Delete-update conflict: one region deletes a record while another region concurrently updates it. The outcome depends on the resolution strategy — delete wins, update wins, or application-specific merge logic applies.
Insert-insert conflict: two regions insert a record with the same primary key. Common with auto-increment integers; avoided by using globally unique IDs (UUID, Snowflake).

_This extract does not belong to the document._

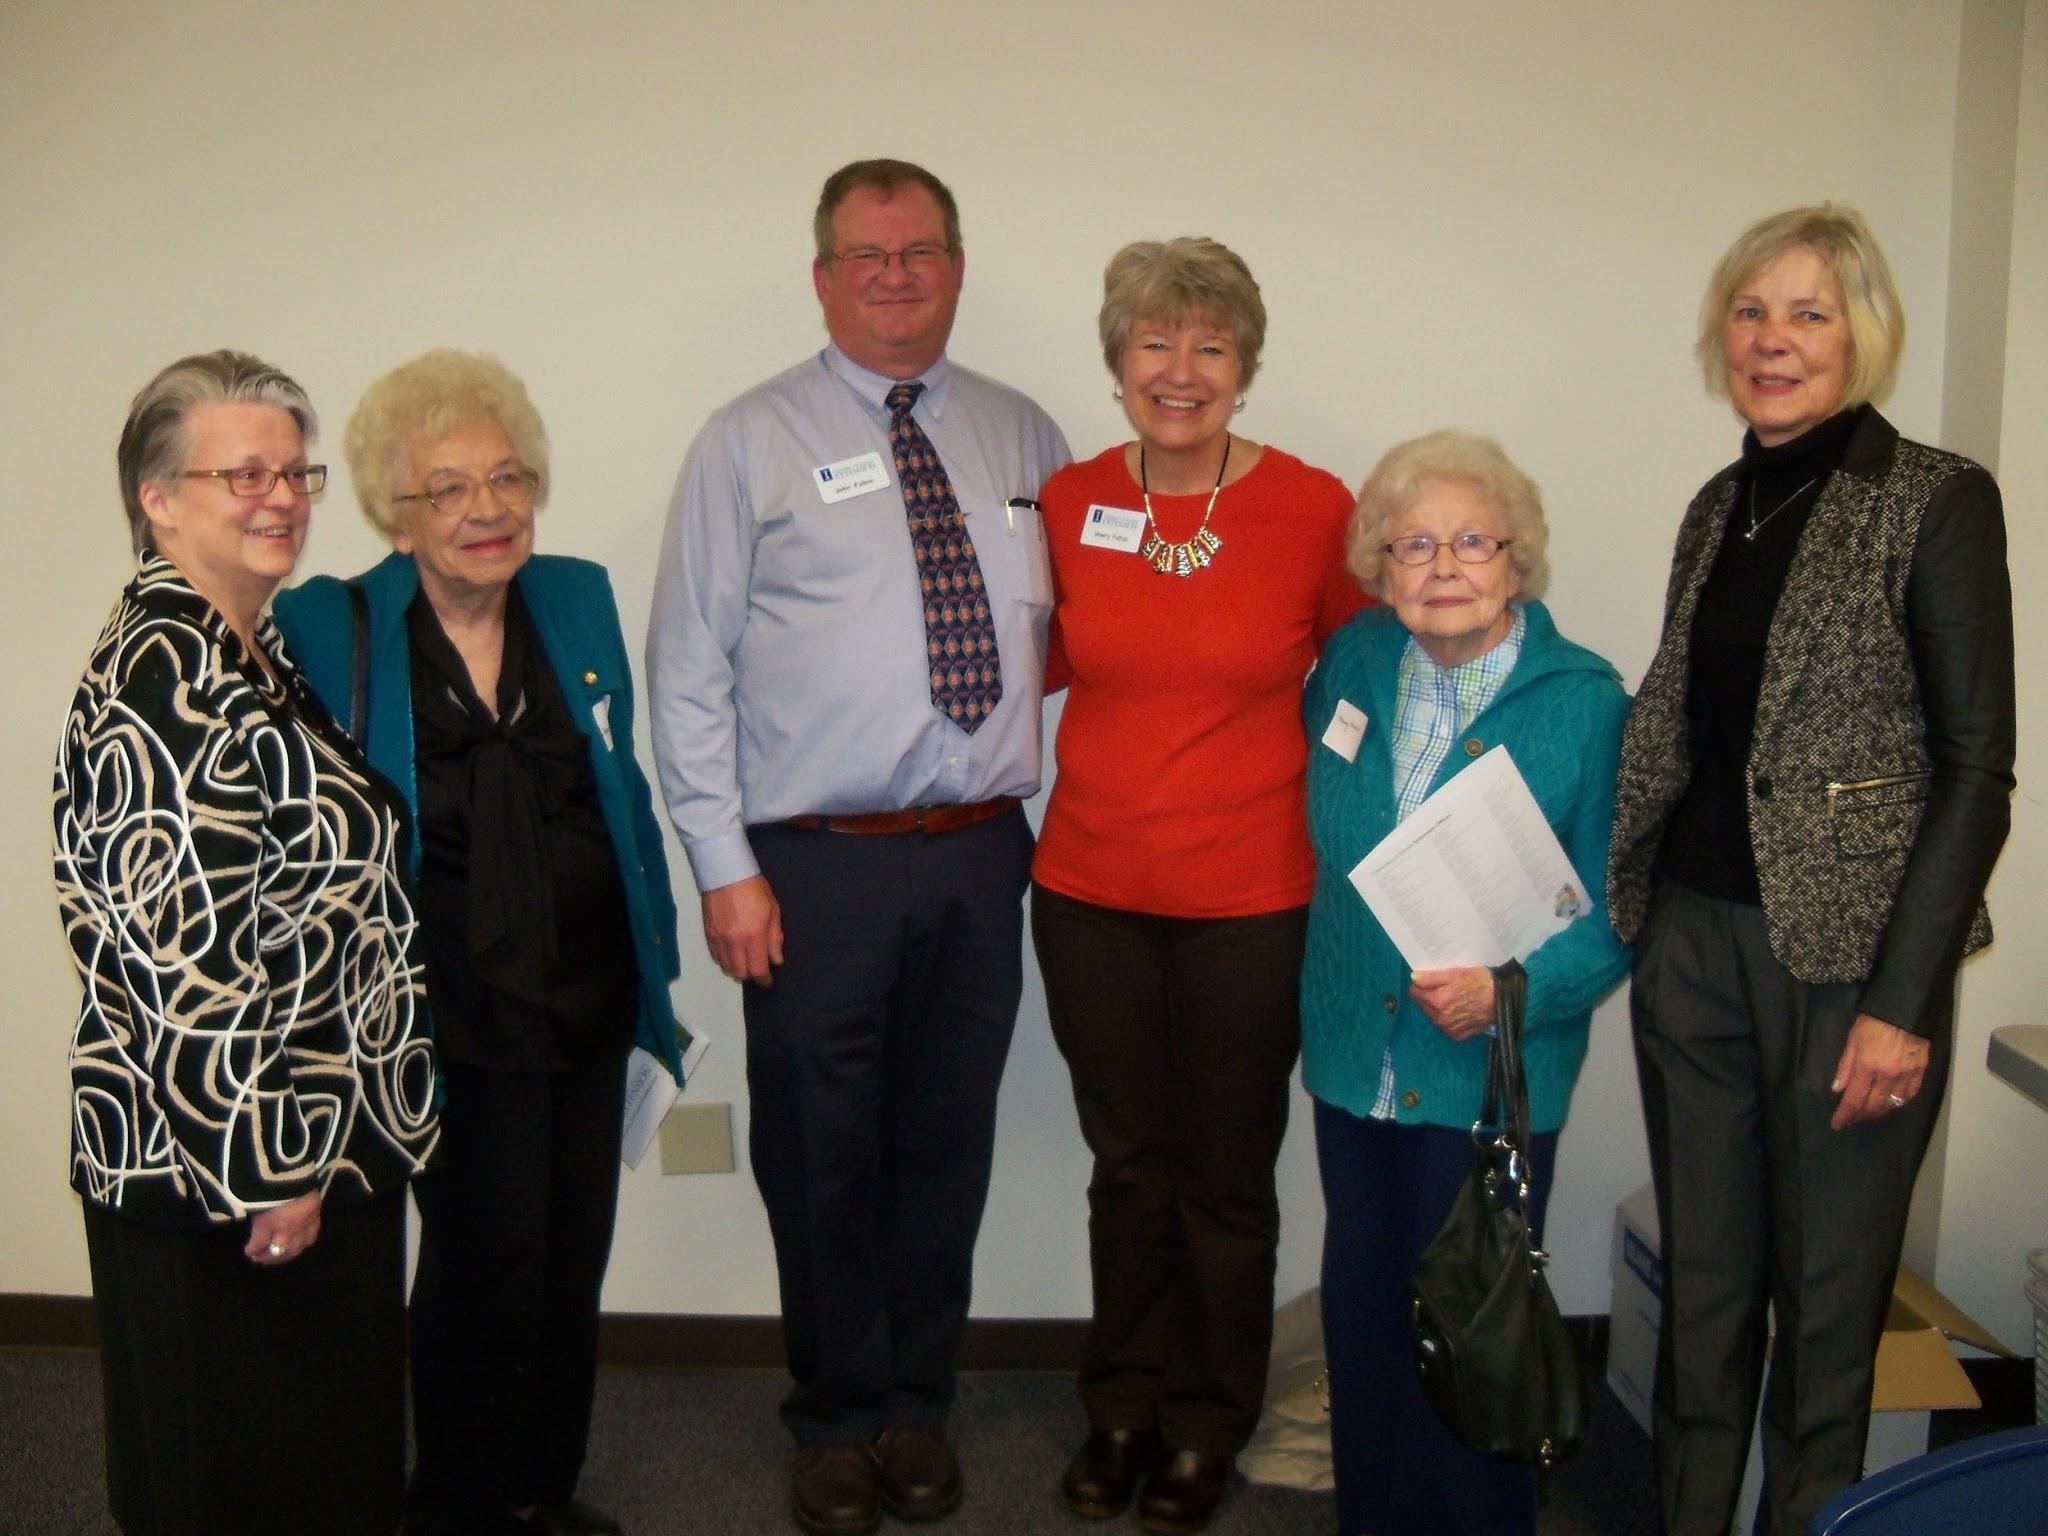 Jane Scherer, Marge Sohn, John Fulton, Sherry Fulton, Marge Mead, & Nancy King.

Conflict Resolution Strategies

Last-Write-Wins (LWW)

Each write is tagged with a timestamp. When two conflicting writes arrive, the one with the higher timestamp wins. Simple to implement but requires tightly synchronized clocks across regions. NTP drift or leap seconds can cause incorrect resolution. Hybrid logical clocks (HLC) improve accuracy by combining physical time with a logical counter.

Application-Level Merge

The application defines a merge function for each data type. Counters use addition (commutative); sets use union; structured records use field-level merge with business rules. CRDTs (conflict-free replicated data types) formalize this by defining data structures whose merge operations are commutative, associative, and idempotent — guaranteeing convergence without coordination.

User-Home-Region Routing

Each user is assigned a home region. All writes for that user are routed to their home region, eliminating write conflicts for per-user data. Reads are served from any region (eventually consistent) or from the home region (strongly consistent). This is the most practical conflict-avoidance strategy for user-centric applications. Fallback to any region on home unavailability requires accepting a temporary conflict window.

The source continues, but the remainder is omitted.